ABSTRACT. We present compatible finite element spatial discretizations for three-dimensional equations relevant to numerical weather prediction. This work is a subject of ongoing development with the UK Meteorological Office, as part of the ``Gung-Ho'' dynamical core project. We focus on a procedure known as ``hybridization,'' where the equations are discretized in such a way that element-wise static condensation is permitted. This approach leads to a sparse problem defined only on mesh interfaces, and the original fields can then be recovered in a purely local manner. The implementation of hybridized finite element solvers is challenging since this procedure requires invasive intervention in intricate numerical codes for matrix assembly to construct the appropriate condensed operators.

Firedrake is a finite element library comprised of several domain-specific abstractions.

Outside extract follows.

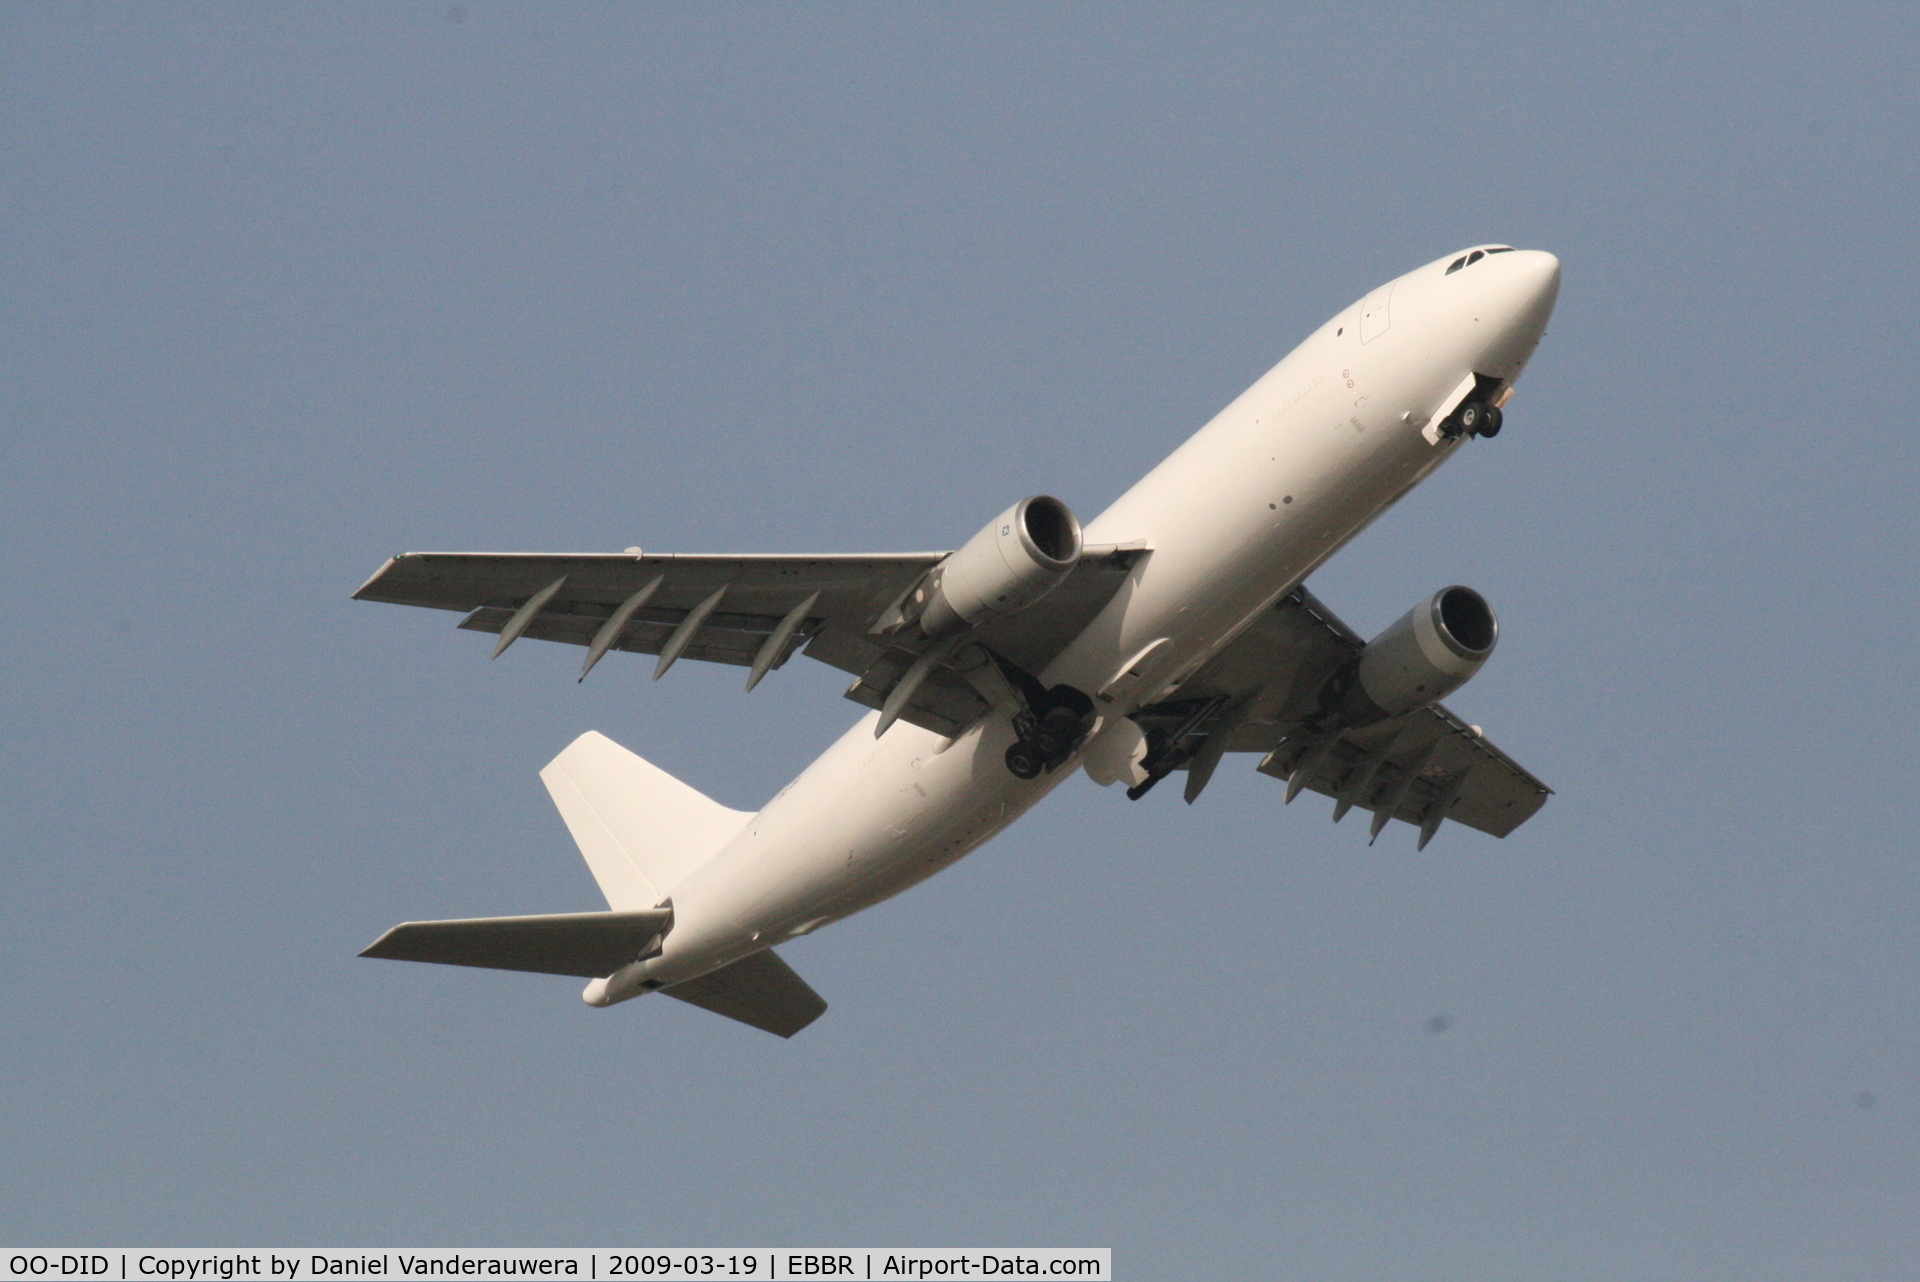 OO-DID, 1983 Airbus A300B4-203(F) C/N 235, Taking off from RWY 07R

Recent developments have introduced a new framework for the code-generation of static condensation and local recovery operations. In this talk, we show how the development of hybridized solvers can be simplified significantly by using a framework which abstracts away each component of the algorithm. Our approach allows for the design of sophisticated preconditioning interfaces using hybridization that composes naturally with the numerical linear algebra library provided by PETSc.

16:10
Rational eigensolvers in SLEPc: application to the source-free Helmholtz equation
SPEAKER: Jose E. Roman

ABSTRACT. SLEPc provides solvers for nonlinear eigenvalue problems, including polynomial (PEP) and general (NEP). We have recently added specific support for rational eigenproblems as a particular case of NEP. This formulation appears in the solution of the source-free Helmholtz equation in frequency-dispersive media, for instance in the analysis of photonic open structures or the study of scattering resonances of metallic nano-structures.